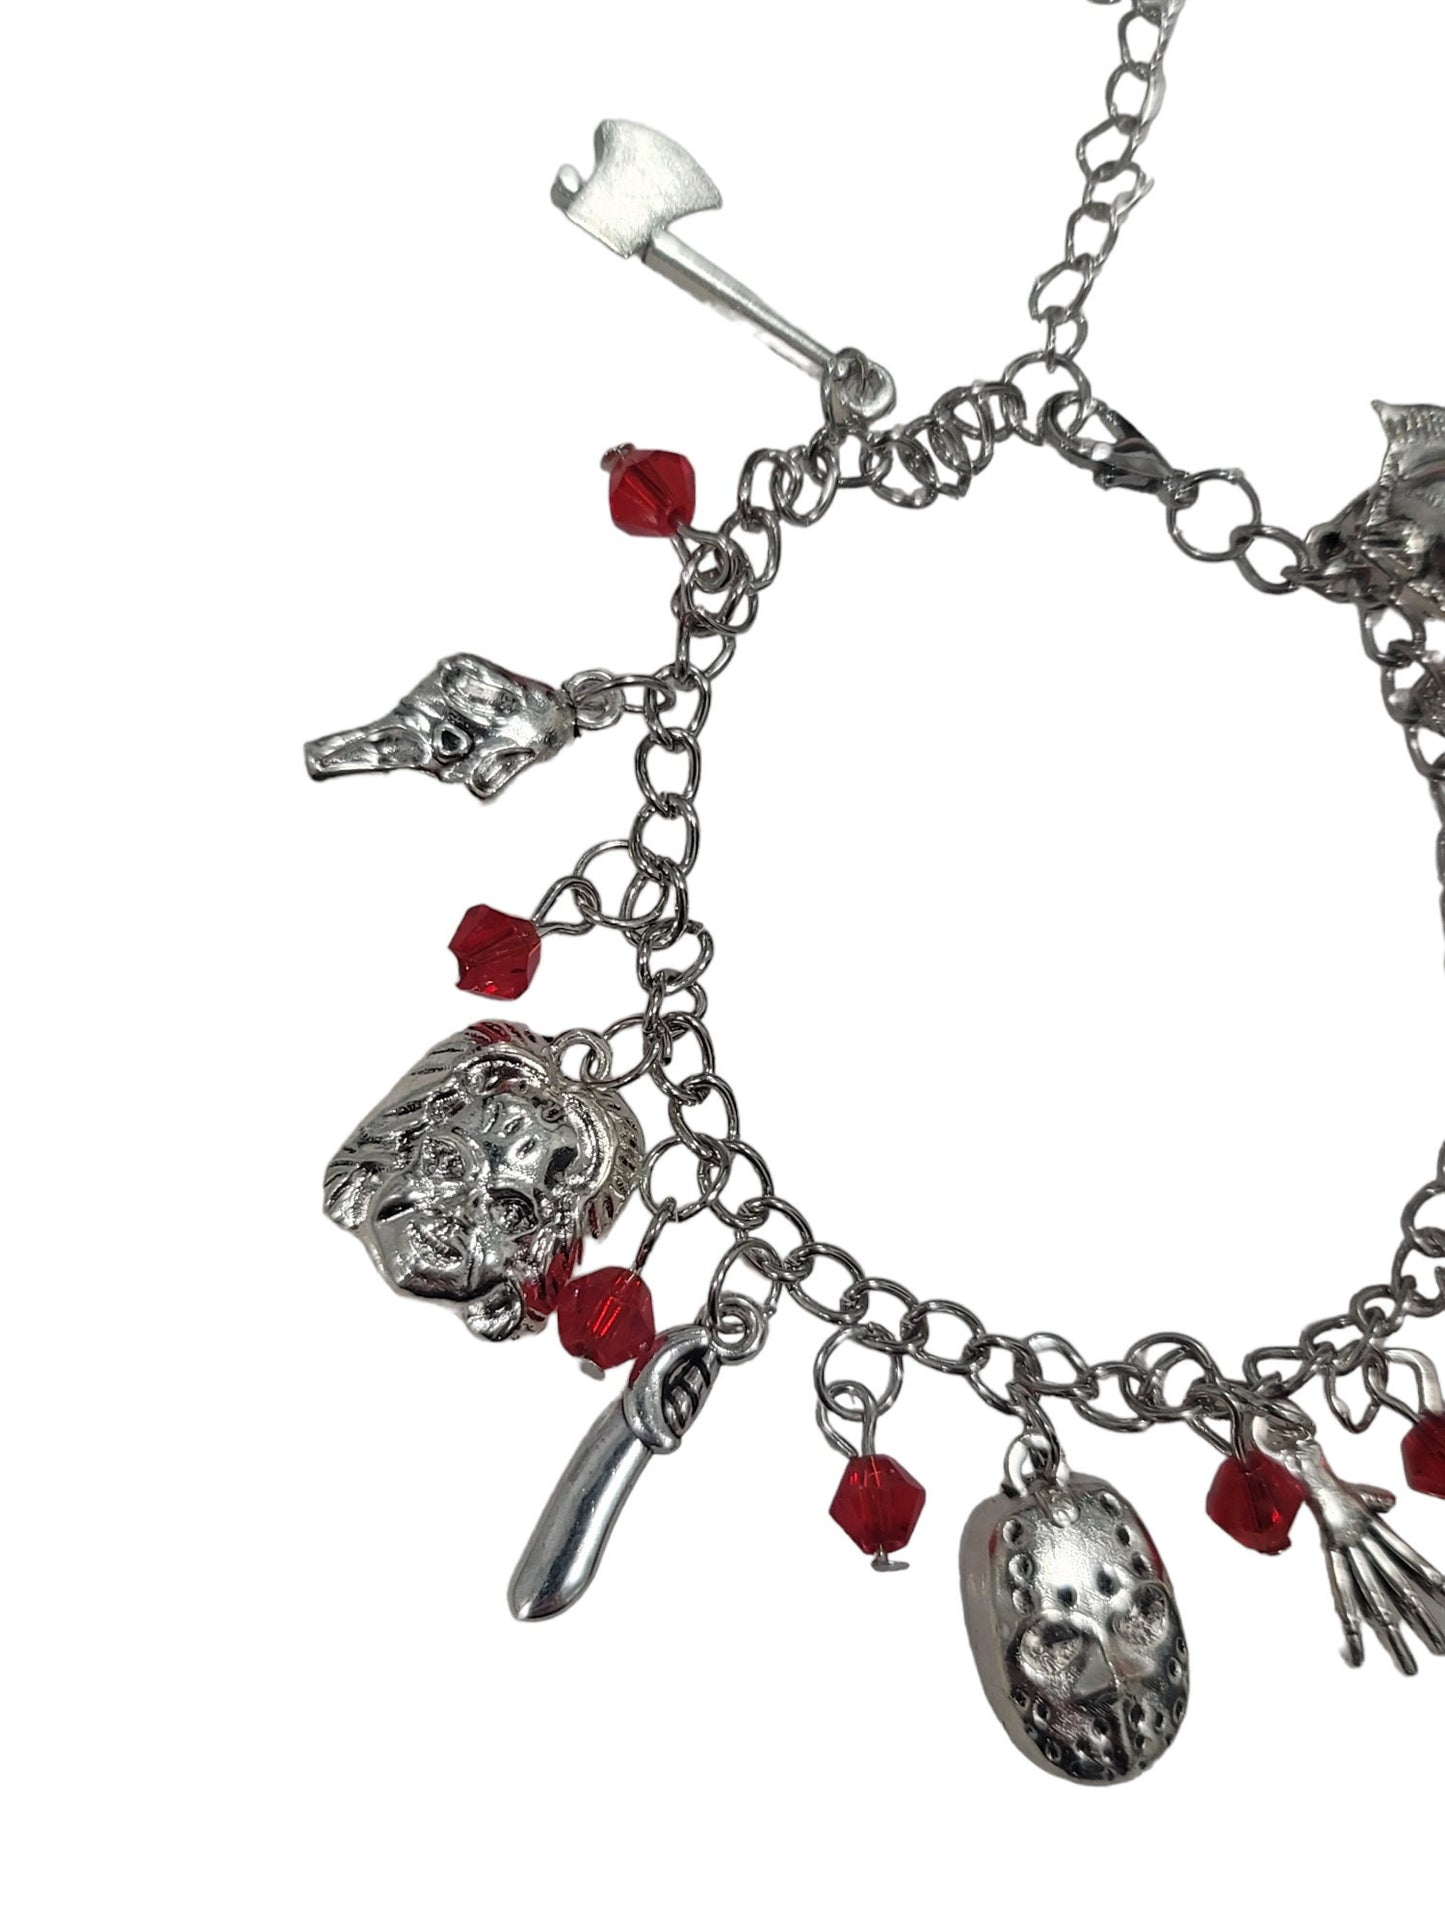 Horror charm bracelet Freddy Michael Jason Chucky and more red beads silver charm bracelet
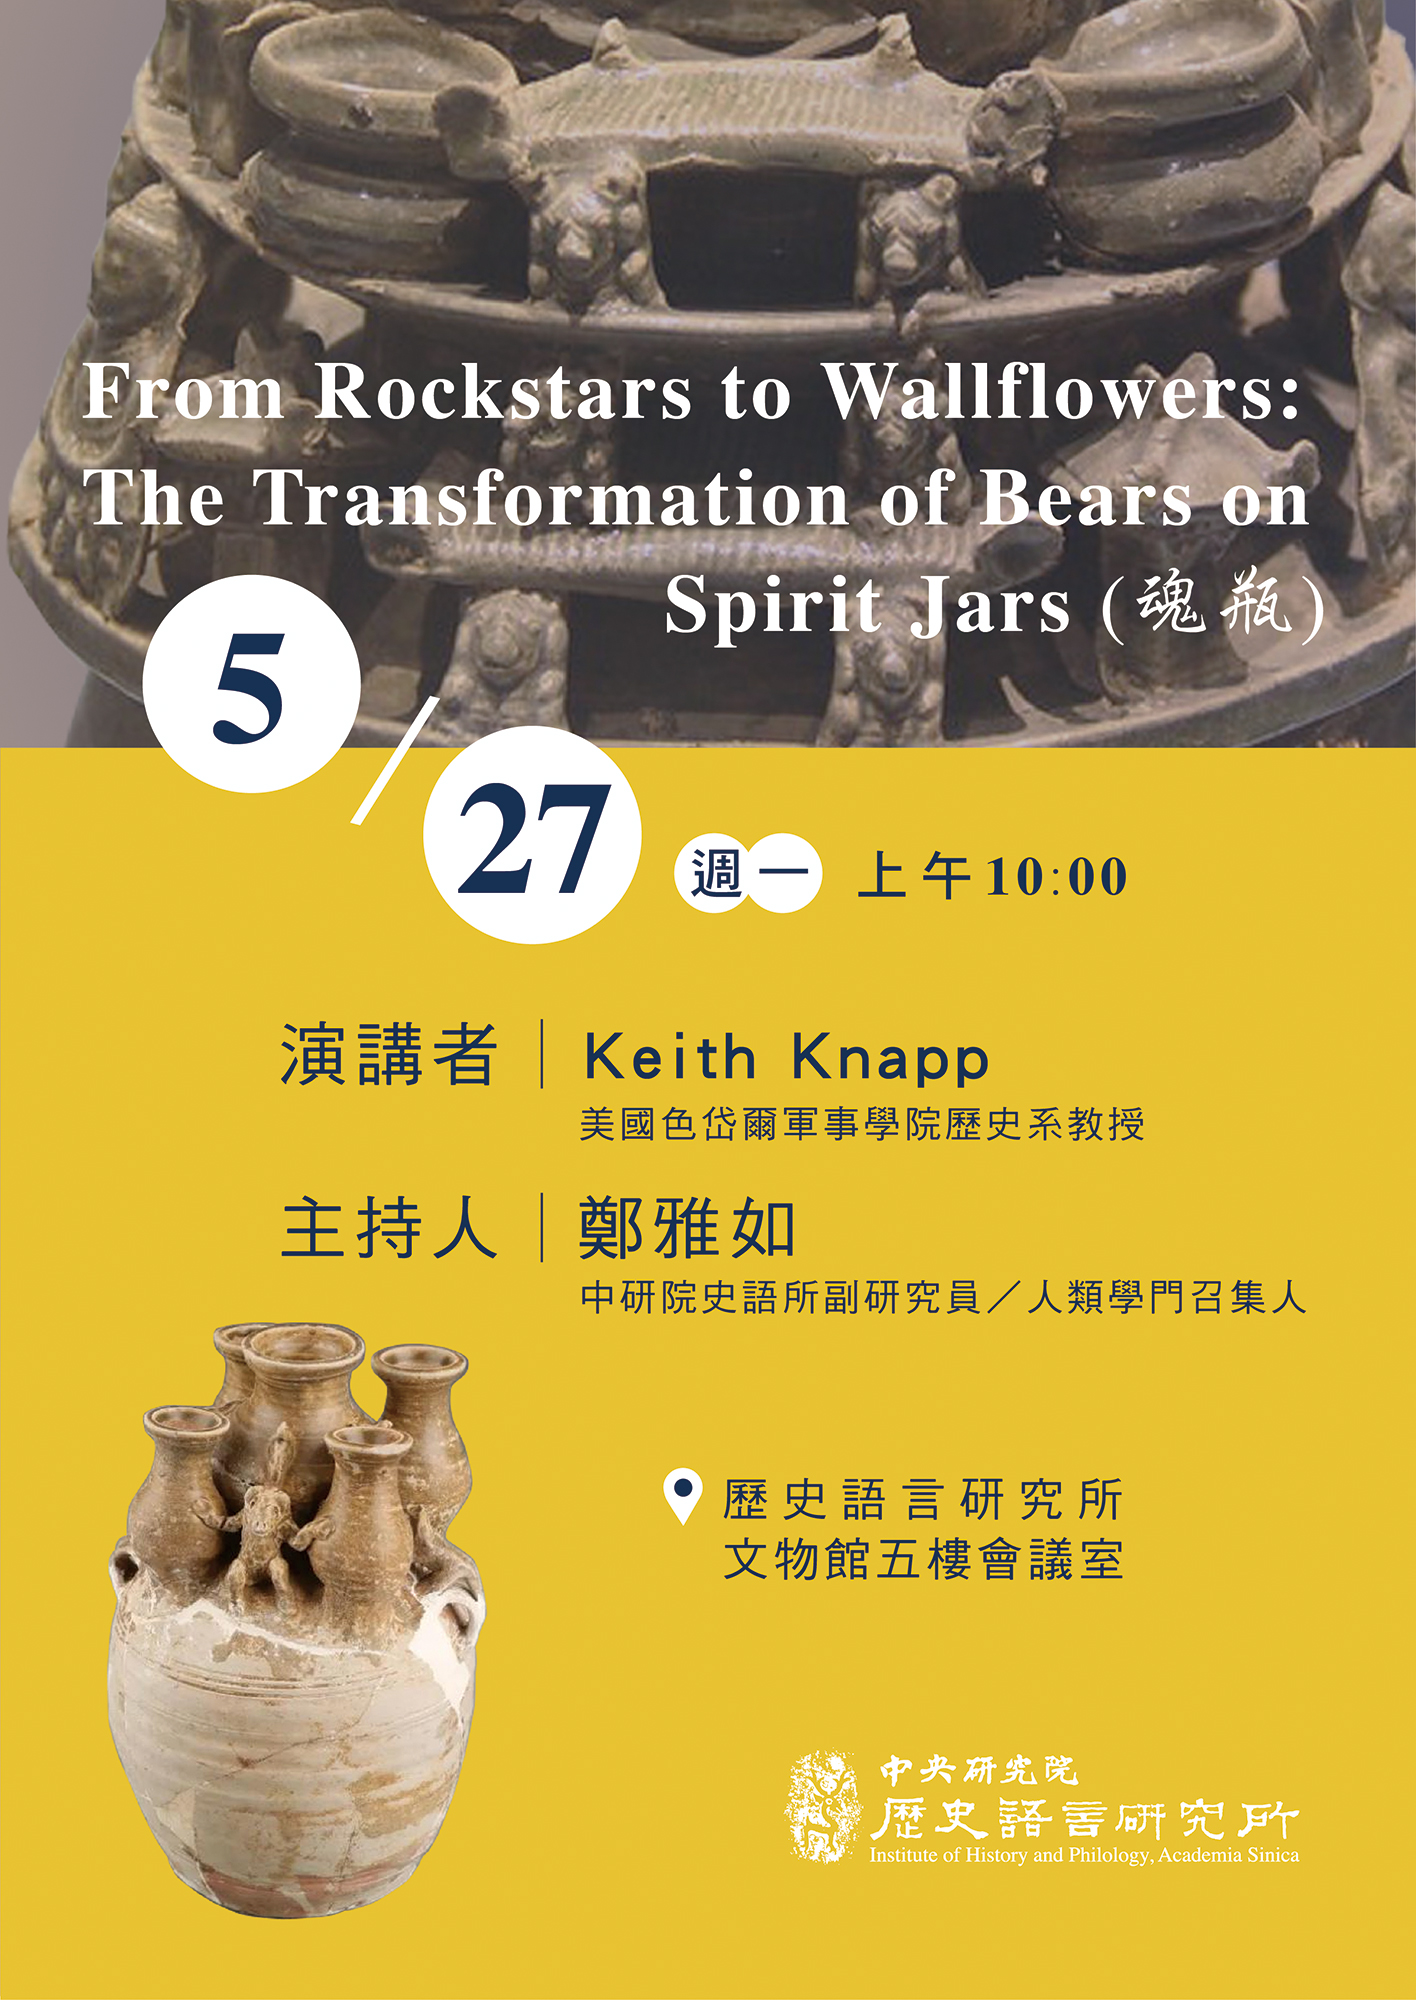 From Rockstars to Wallflowers: The Transformation of Bears on Spirit Jars (魂瓶)
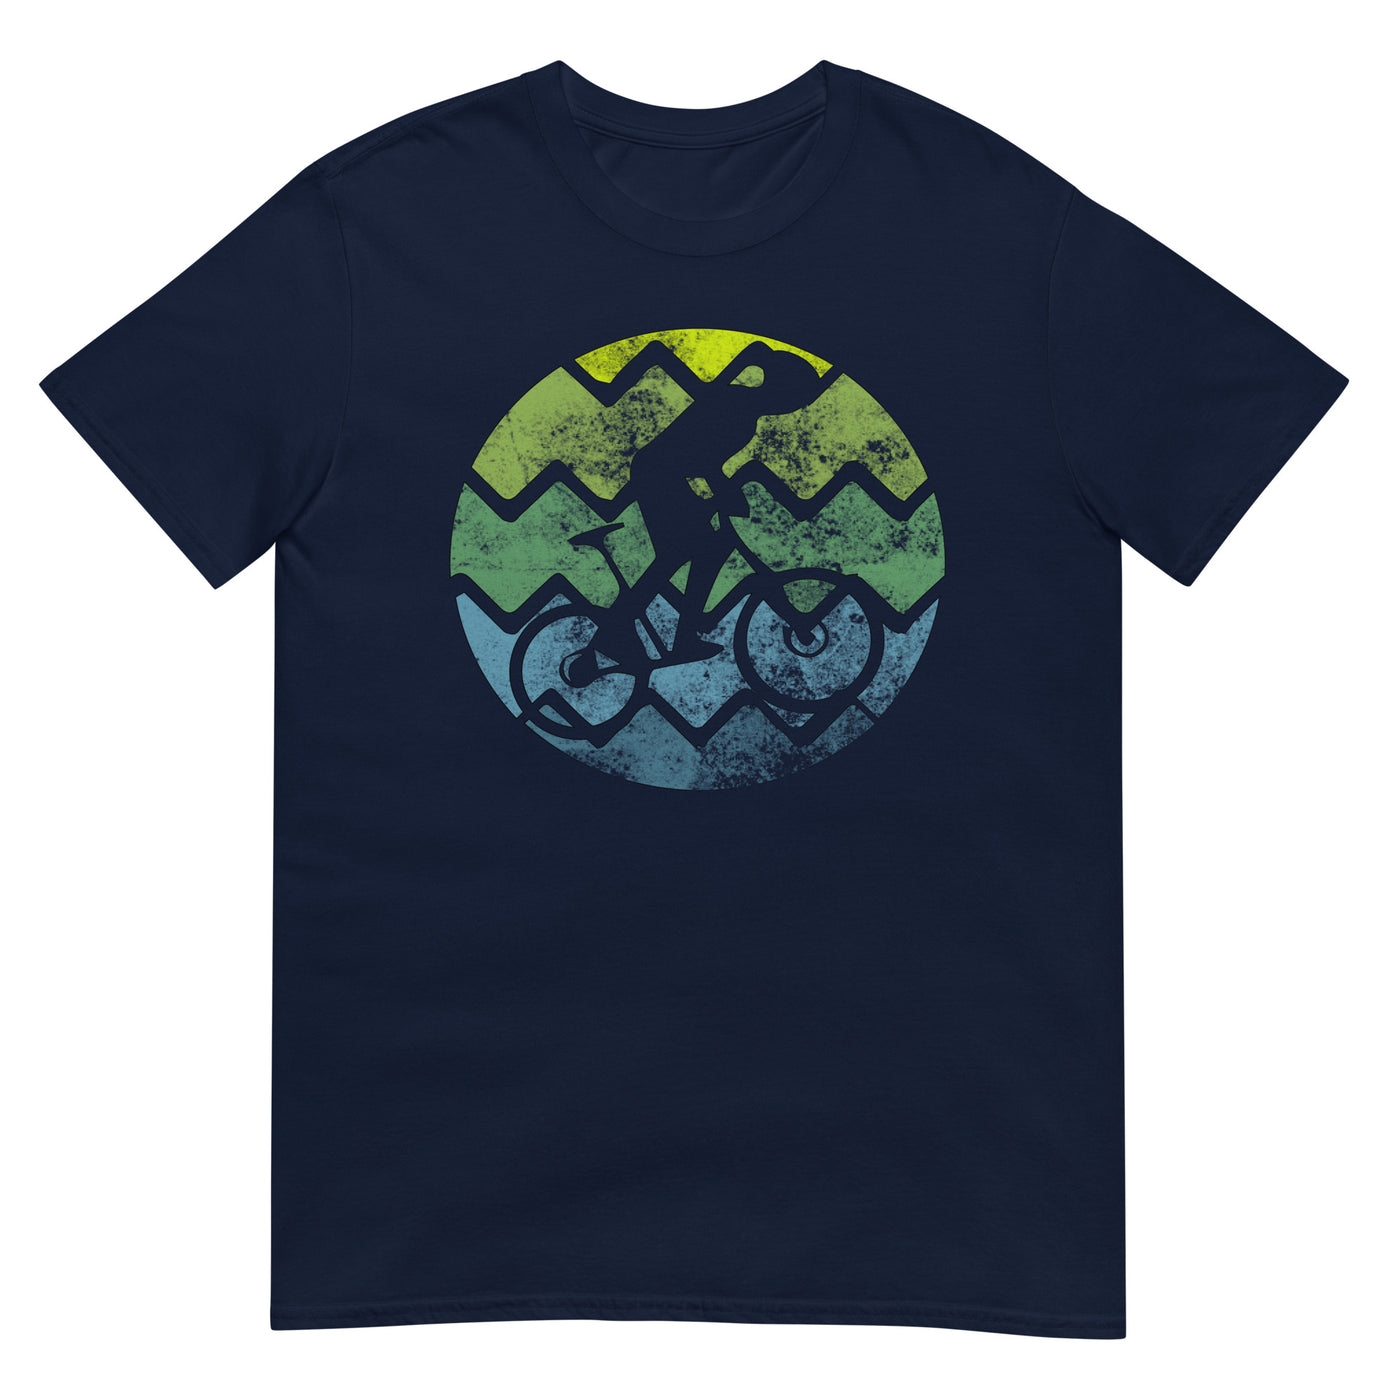 Retro - Radfahren - T-Shirt (Unisex) fahrrad xxx yyy zzz Navy
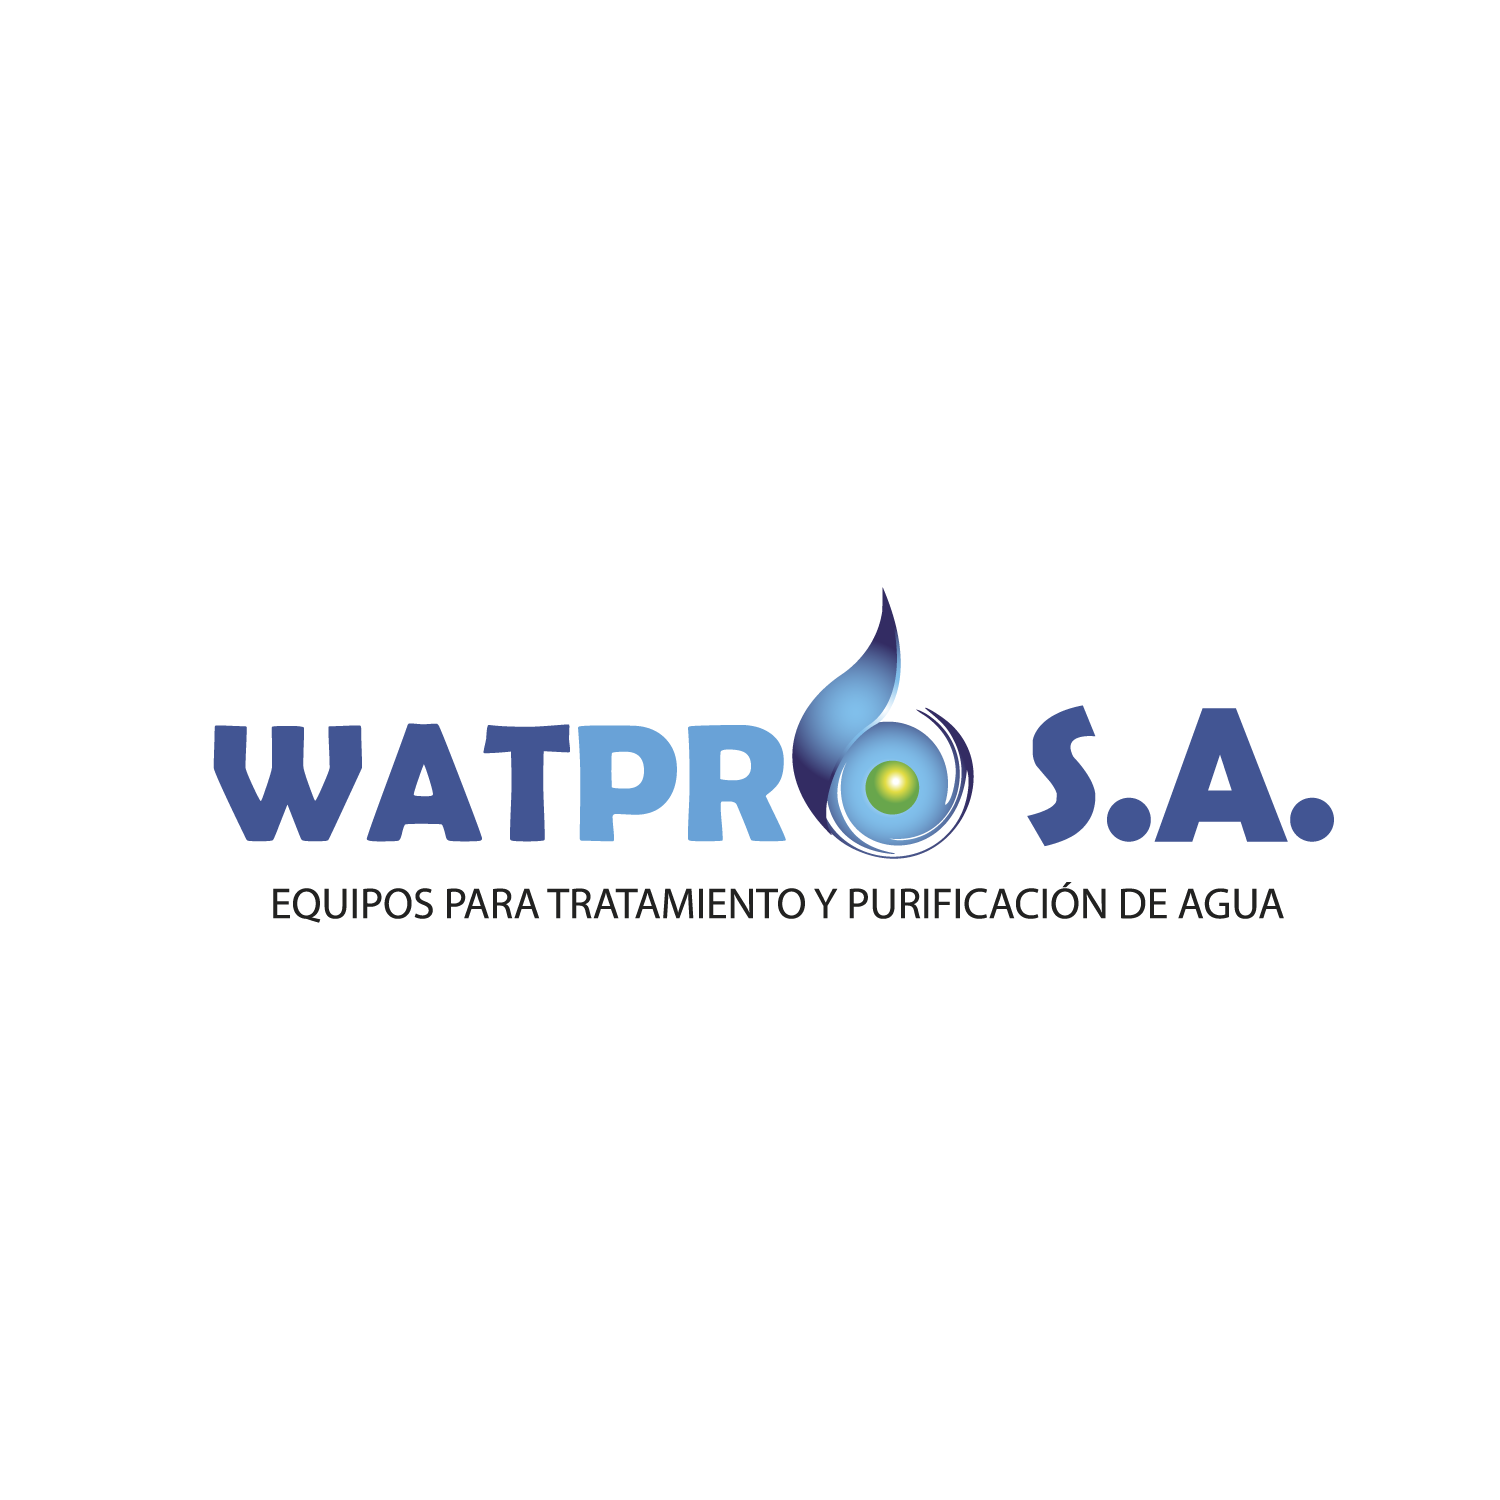 bolsaempleopuce_waterpurificationprocesseswatprosa

• [Work item]:
What do the lines above say from the line containing "From Rockstars to" through the last line? Quote them exactly, both ends included, and leave out the pictures.

• [Answer to this problem]:
 From Rockstars to Wallflowers: The Transformation of Bears on Spirit Jars (魂瓶)
 Retro - Radfahren - T-Shirt (Unisex) fahrrad xxx yyy zzz Navy
 bolsaempleopuce_waterpurificationprocesseswatprosa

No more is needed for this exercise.